Linux Host, Windows Guest, GPU passthrough reinitialization fix

Hmm.

I have 2x reference vega 64s here.
1x Sapphire (purchased January 2018 - BECAUSE CRYPTO MADNESS - i got it for $100 above RRP. :smiley: )
1x XFX (purchased on release day for vega 64)

They shipped with different BIOS versions.

I flashed the XFX with the Sapphire Bios when i got the Sapphire (it was newer, figured i’d put the same BIOS on both of them).

I don’t have a setup at the moment to test with, but believe i ran into the reset bug last time i tried making it all work.

For what it’s worth, YMMV, etc.

Haven’t had a lot of time to do nerd stuff as of late unfortunately.

When i get time i should pull one of them out, replace with my old GTX760 and try get it working with 2 different cards rather than trying to start out the hard way with 2 identical AMD cards…

I heard this was broken by the last Windows 10 update. Do you know if that is true?

Couldn’t you get around this by flashing the bios?

I didn’t read the whole thread, I’m sorry if the answer to my questions is already in here.

As far as I understood, the cards that have the reset bug can only be resetted with a full PCIe adapter reset. What exactly does happen at such a reset? Would it be sufficient to toggle the PERST# pin? If yes, one could build a simple adapter PCB to do this.

Cheers!

No, the bus must be ready for it, everything stalls if you just assert the pin.

I get the same issue with my PowerColor Vega 64 even after applying the scripts

Which Vega 64 did you get to work? My powercolor red devil v64 doesn’t. Maybe AIB bios specific

I hear kernel 4.20 is going to have a fix for this?

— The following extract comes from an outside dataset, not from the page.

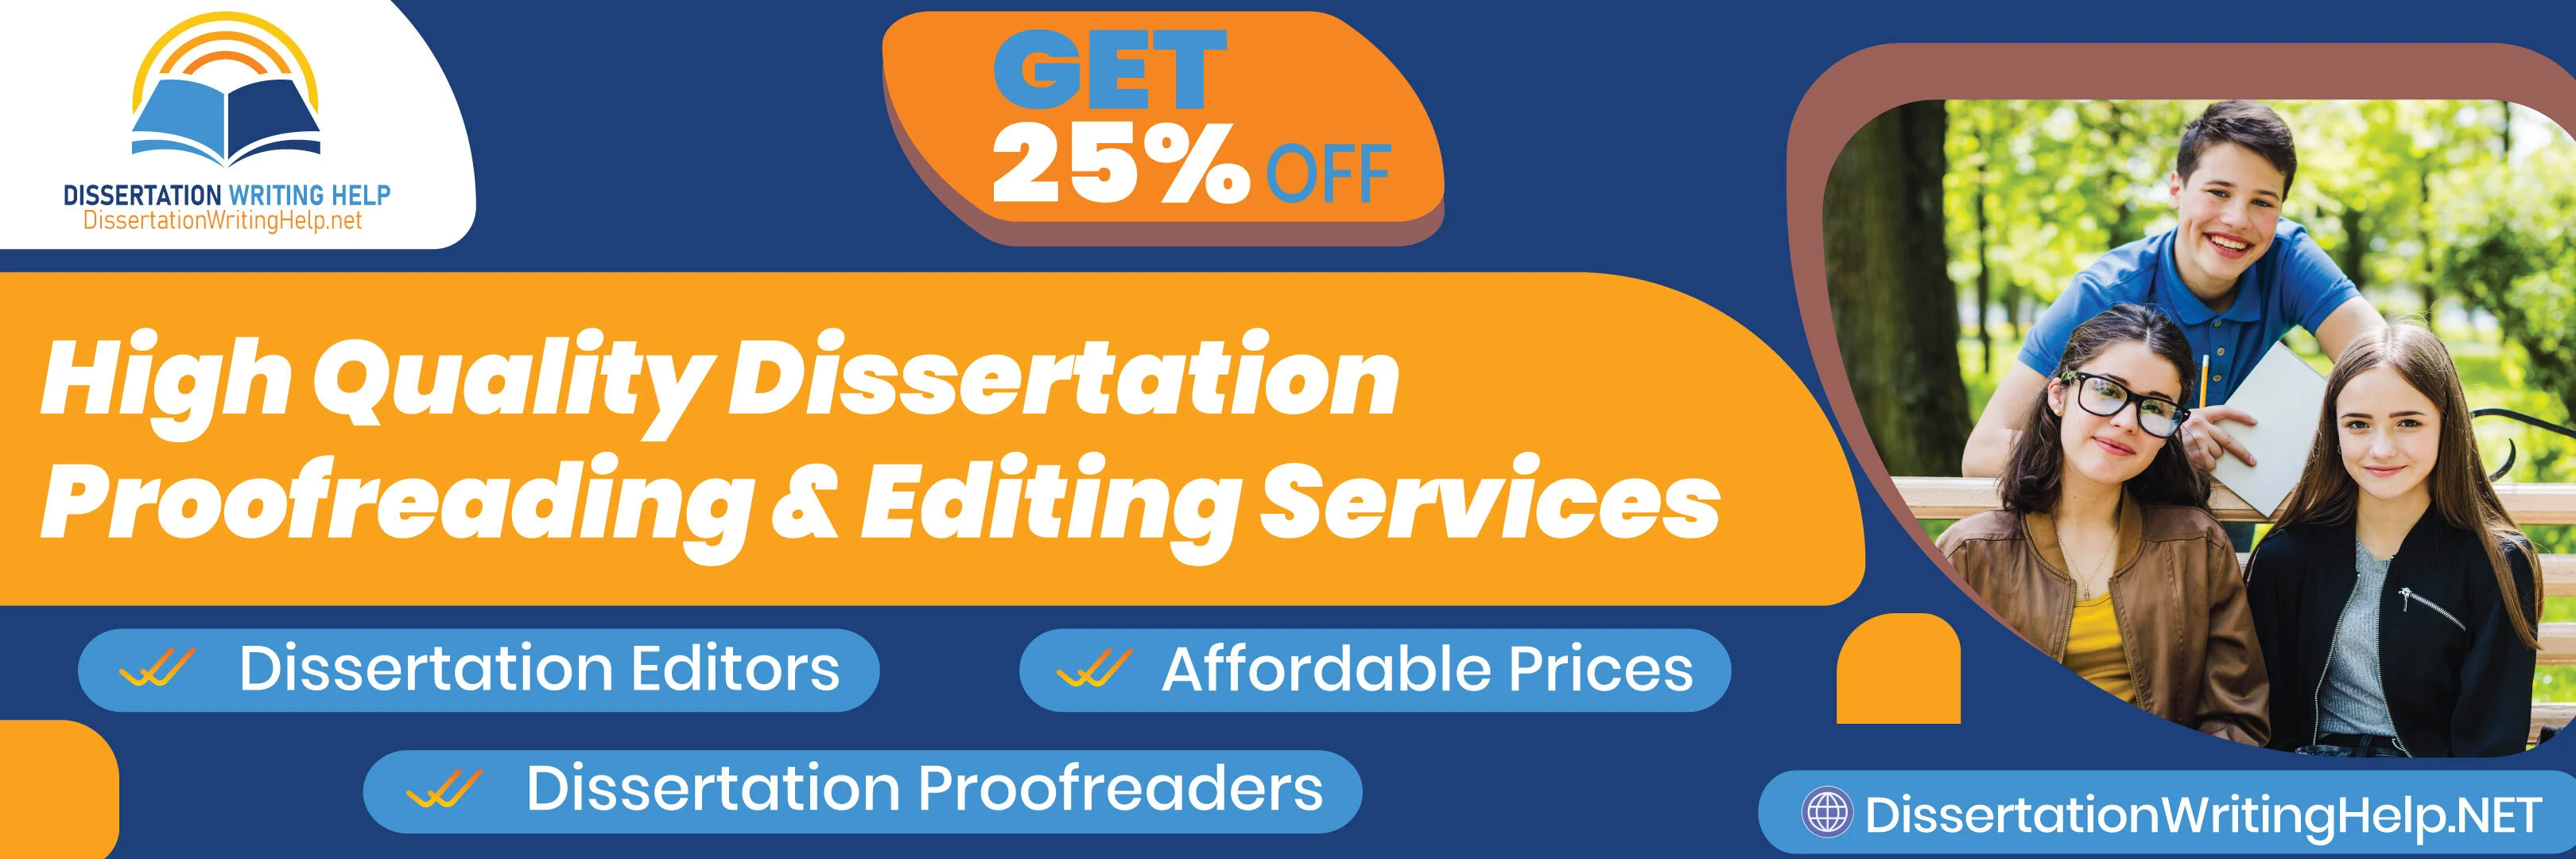 dissertation-editing-and-proofreading-services

At least that’s what i remember from the last time i went googling.

No, there is no “fix” for this, it’s simply impossible at this point to reset the AMD SOC, even AMD admits that this functionallity is incomplete.

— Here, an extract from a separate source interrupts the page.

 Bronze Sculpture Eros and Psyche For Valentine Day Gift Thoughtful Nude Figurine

I am hoping the next gen GPUs restore that functionality.

The AMDGPU has the PSP_mode1 reset.
Would that be enough for passing the GPU?
I could try to port it to qemu as a quirk.

@Pixo, no, I already implemented this as a quirk (https://gist.github.com/gnif/a4ac1d4fb6d7ba04347dcc91a579ee36) and worked with AMD to try to get it to function. The reset works, but the card can not be re-initialized as it ends up in a completely broken state.

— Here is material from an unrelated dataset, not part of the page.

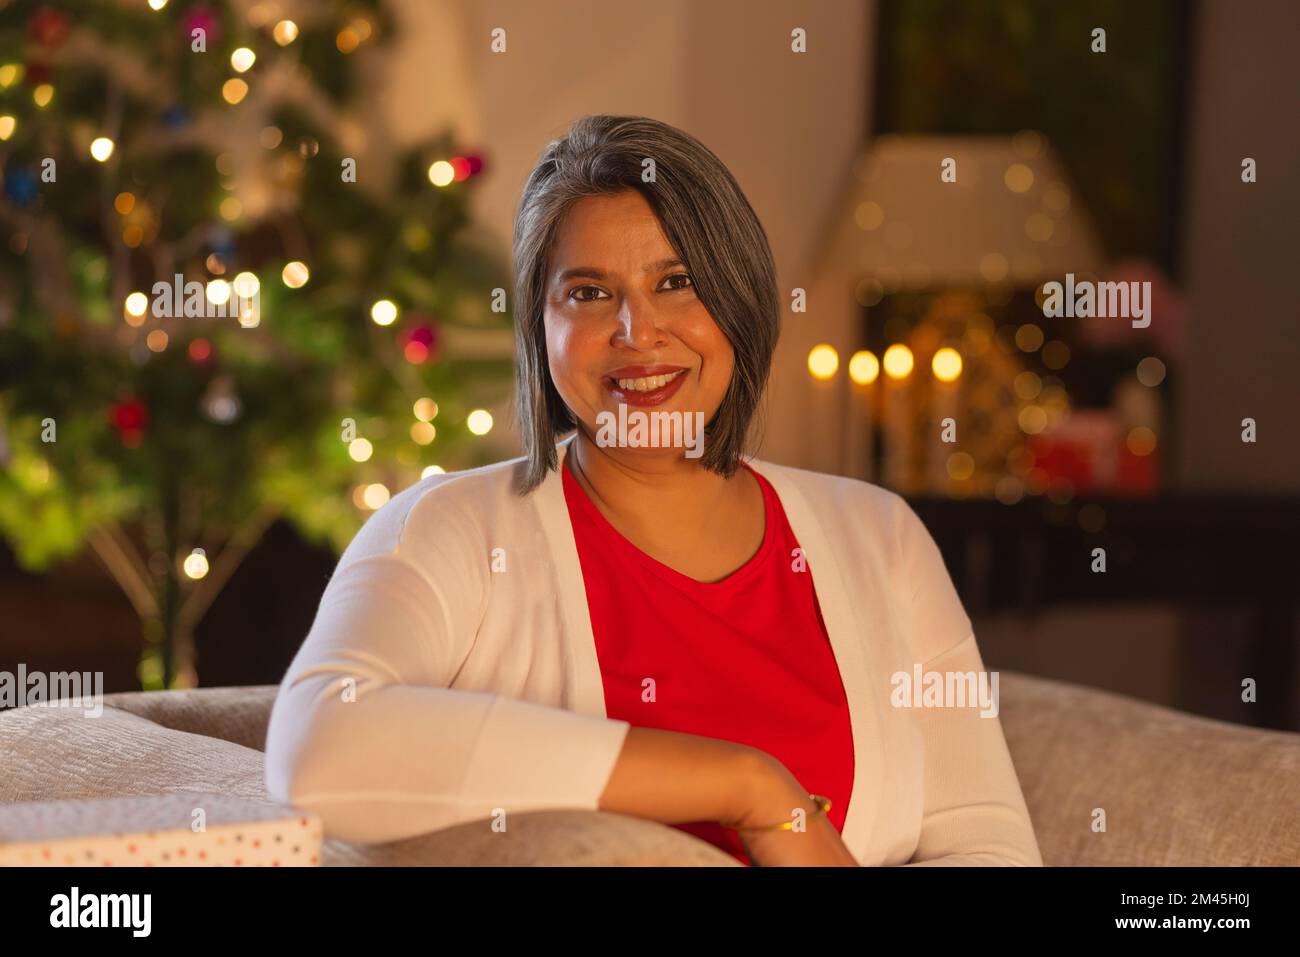 Portrait of a cheerful senior woman looking at camera Stock Photo

If you check the amdgpu driver source you will see that the mode1 reset code is even commented as incomplete and you will also note the great lengths that they have gone to to “recover” a GPU after it has been reset, which doesn’t work.

Yup, same here; desperately hope the Navi GPUs don’t have this issue especially if it is true they will support PCIe 4.0. My R9 390 that I upgraded from works perfectly fine.
I wonder if it is to do with HBM2 and the 2 additional parts of the card that show up when listing the pci devices (lspci -nnv). I read somewhere probably here at Level1 that the RX 5## cards and below aren’t affected, just Vega and Fury.
But could be wrong

Thank you! This was really helpful. I can confirm this works with amd r9 280x with windows 10 guest and gentoo dom0 on xen-4.10

Has anyone considered a software controlled hardware solution between the PCIe socket and the GPU card? I suppose the cost would likely sink that idea. I am sure this is way more complex that just recycling the power to the card.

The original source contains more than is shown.